When should redundancy pay be paid?

Statutory redundancy payments are usually paid on or shortly after termination by reason of redundancy. The legislation does not set a specific timescale for payment to be made, but employees have 6 months from their termination date to bring a claim for an unpaid statutory redundancy payment.

Do redundancy employees need to sign a settlement agreement?

There is no obligation to have redundant employees sign a settlement agreement. 

Settlement agreements are used to waive employees’ claims against their employer. If there is a genuine redundancy, and a fair process has been followed, it is unlikely that there would be a successful claim against the employer. 

Some employers who offer an enhanced redundancy package ask employees to sign a settlement agreement in return for the increased package. 

For more detail on settlement agreements, see our settlement agreement page.

Can an employee challenge a redundancy decision?

Employees can provide their comments and challenges to a proposed redundancy throughout the consultation process. 

There is no explicit legal entitlement to appeal a redundancy decision, but it is considered good practice to offer a right of appeal.

Can we make an employee redundant if there are performance concerns?

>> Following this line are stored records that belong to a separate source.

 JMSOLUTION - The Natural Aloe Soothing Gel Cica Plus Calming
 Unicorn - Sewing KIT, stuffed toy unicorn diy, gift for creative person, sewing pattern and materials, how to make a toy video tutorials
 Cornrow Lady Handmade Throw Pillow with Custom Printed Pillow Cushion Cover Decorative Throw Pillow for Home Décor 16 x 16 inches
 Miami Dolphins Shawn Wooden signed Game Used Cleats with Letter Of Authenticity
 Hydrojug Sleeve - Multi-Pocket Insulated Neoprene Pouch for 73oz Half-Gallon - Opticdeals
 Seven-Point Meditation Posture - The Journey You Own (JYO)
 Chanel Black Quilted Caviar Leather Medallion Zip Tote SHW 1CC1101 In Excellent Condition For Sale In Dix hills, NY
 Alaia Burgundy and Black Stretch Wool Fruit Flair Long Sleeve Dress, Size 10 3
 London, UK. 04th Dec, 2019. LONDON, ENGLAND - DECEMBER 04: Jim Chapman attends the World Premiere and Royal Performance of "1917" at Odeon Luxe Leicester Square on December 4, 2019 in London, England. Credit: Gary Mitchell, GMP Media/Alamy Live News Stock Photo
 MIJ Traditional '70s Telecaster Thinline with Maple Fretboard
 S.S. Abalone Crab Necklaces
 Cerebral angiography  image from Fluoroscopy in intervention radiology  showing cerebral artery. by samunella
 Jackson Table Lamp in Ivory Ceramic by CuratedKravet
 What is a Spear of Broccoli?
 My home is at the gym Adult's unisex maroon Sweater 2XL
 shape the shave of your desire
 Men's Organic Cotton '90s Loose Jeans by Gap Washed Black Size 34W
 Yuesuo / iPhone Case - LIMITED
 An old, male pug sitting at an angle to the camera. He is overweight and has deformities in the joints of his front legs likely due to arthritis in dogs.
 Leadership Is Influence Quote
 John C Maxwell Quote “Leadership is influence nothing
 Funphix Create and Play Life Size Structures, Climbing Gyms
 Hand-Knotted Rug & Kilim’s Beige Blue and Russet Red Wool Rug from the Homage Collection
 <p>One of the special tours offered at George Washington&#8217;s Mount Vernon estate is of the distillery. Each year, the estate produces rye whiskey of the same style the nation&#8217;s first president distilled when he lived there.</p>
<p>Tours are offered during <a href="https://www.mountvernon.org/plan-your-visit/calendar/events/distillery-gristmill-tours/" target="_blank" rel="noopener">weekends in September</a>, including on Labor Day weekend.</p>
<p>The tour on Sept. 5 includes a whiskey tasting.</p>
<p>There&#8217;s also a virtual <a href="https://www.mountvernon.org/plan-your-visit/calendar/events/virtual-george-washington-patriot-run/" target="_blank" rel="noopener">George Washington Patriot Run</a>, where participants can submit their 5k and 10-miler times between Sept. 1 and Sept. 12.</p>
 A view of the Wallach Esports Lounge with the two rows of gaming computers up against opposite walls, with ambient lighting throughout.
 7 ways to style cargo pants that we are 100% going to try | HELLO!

Redundancy can only be a fair reason for dismissal if there is a genuine redundancy situation. 

If there is still a future need for the employee’s role, their role may not be redundant. Using redundancy to avoid performance concerns may give rise to a claim for unfair dismissal. This would not be a genuine redundancy situation. If there are genuine performance concerns the organisation should follow a performance management process. However, you can take performance into account during a redundancy scoring process to determine which employees should be retained and which should be selected for redundancy.

What is transferred redundancy (bumping in redundancy)?

Bumping is a stage in the redundancy process in which the employer might consider whether it should “bump” an employee who would otherwise not be made redundant, from their role, in order to offer it to a redundant employee. This would leave the “bumped” employee as being redundant. It is a good idea for an employer to consider whether “bumping” would be appropriate, particularly if a potentially redundant employee raises it in the consultation process. However, redundancy bumping is quite rare and an employer would need to make sure they follow the correct redundancy procedure in respect of the bumped employee.

What legal claims could you face if the correct process is not followed?

Employees with at least two years’ service have a right not to be unfairly dismissed. Redundancy is a potentially fair reason for dismissal. However, the business reason for the redundancy must be genuine. The business must also follow a fair process. Otherwise, it could face claims for unfair dismissal. Other claims such for discrimination or whistleblowing may arise if the employee believes that they have been selected for redundancy in connection with those matters.

Our employment team know the pitfalls that businesses can face during a redundancy process, and we can guide you through a fair process.

Can you reemploy for the same job role after you have made someone in this role redundant?

Since redundant employees have the right to file claims in respect of their dismissal, recruiting a new employee into a role recently made redundant is a risky step. You should consider the time limits which an employee has to commence legal proceedings and, depending on the reasons why the role is needed again, whether or not to approach the former employee to offer them their role back.

Can you make someone on maternity leave redundant?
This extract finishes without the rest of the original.